From Global to Local: A Scalable Benchmark for Local Posterior Sampling
This addresses a gap in theoretical guarantees for SGMCMC algorithms in machine learning, focusing on local sampling performance, though it is incremental as it provides a benchmark rather than a new method.
The paper tackles the problem of understanding how stochastic gradient MCMC algorithms interact with degenerate loss landscapes in neural networks, introducing a scalable benchmark for local posterior sampling and finding that RMSProp-preconditioned SGLD effectively represents local geometry in models with up to O(100M) parameters.

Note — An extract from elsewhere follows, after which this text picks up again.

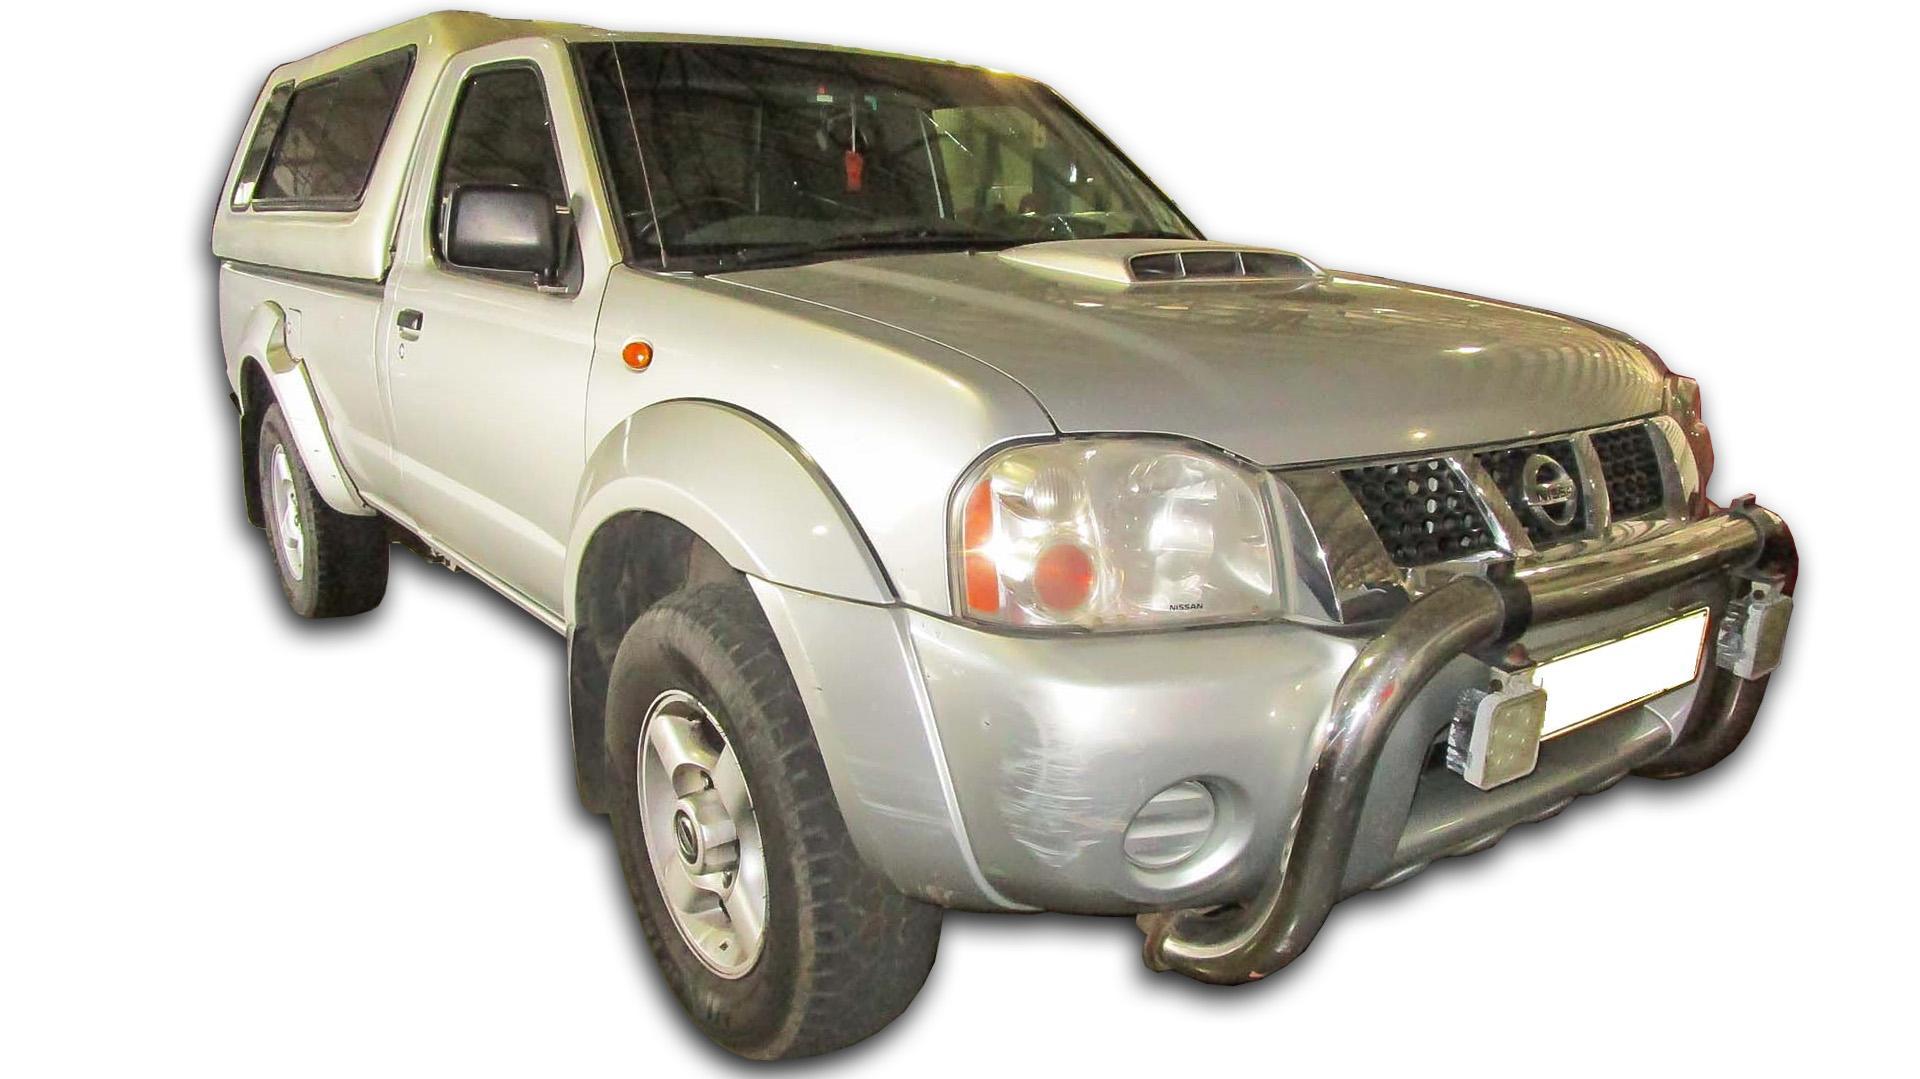 Nissan Hardbody NP300 2.5TD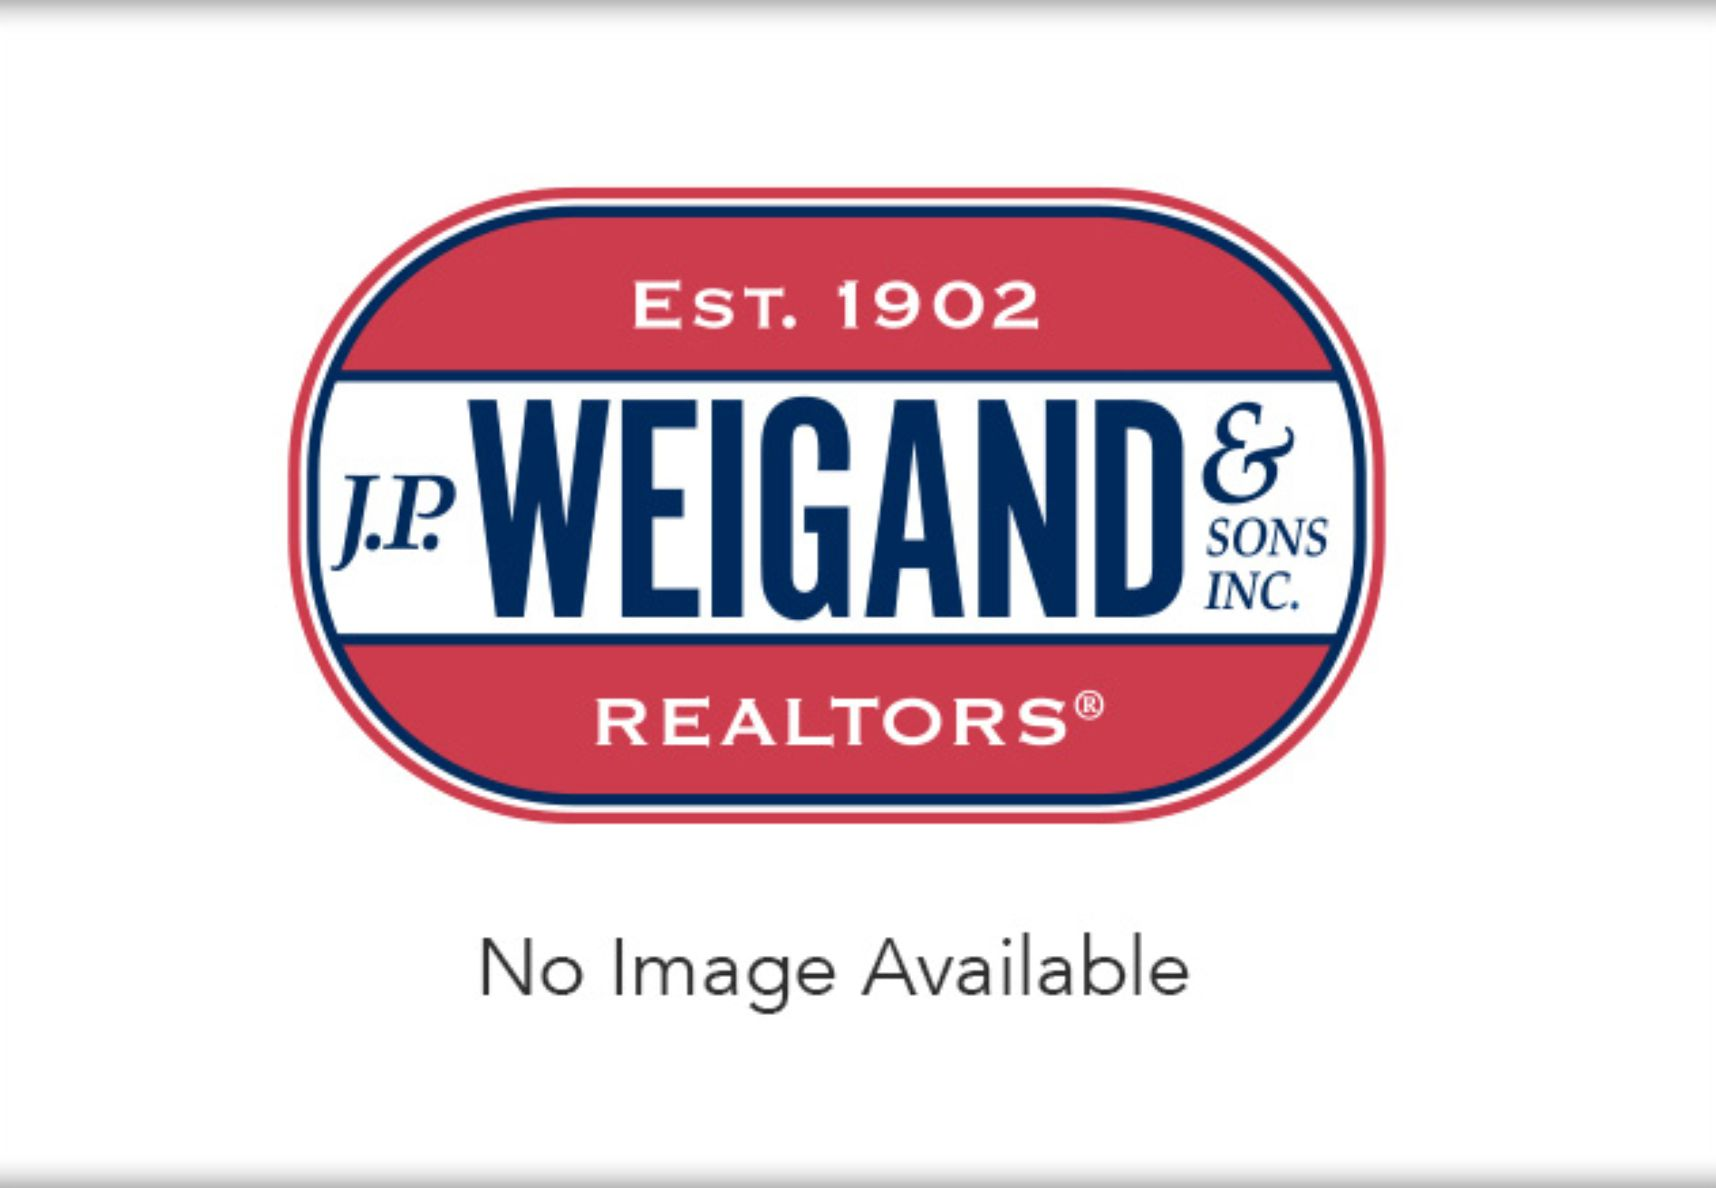 433 N WESTFIELD CT Wichita, KS 67212 - Photo 3

Degeneracy is an inherent feature of the loss landscape of neural networks, but it is not well understood how stochastic gradient MCMC (SGMCMC) algorithms interact with this degeneracy. In particular, current global convergence guarantees for common SGMCMC algorithms rely on assumptions which are likely incompatible with degenerate loss landscapes. In this paper, we argue that this gap requires a shift in focus from global to local posterior sampling, and, as a first step, we introduce a novel scalable benchmark for evaluating the local sampling performance of SGMCMC algorithms. We evaluate a number of common algorithms, and find that RMSProp-preconditioned SGLD is most effective at faithfully representing the local geometry of the posterior distribution. Although we lack theoretical guarantees about global sampler convergence, our empirical results show that we are able to extract non-trivial local information in models with up to O(100M) parameters.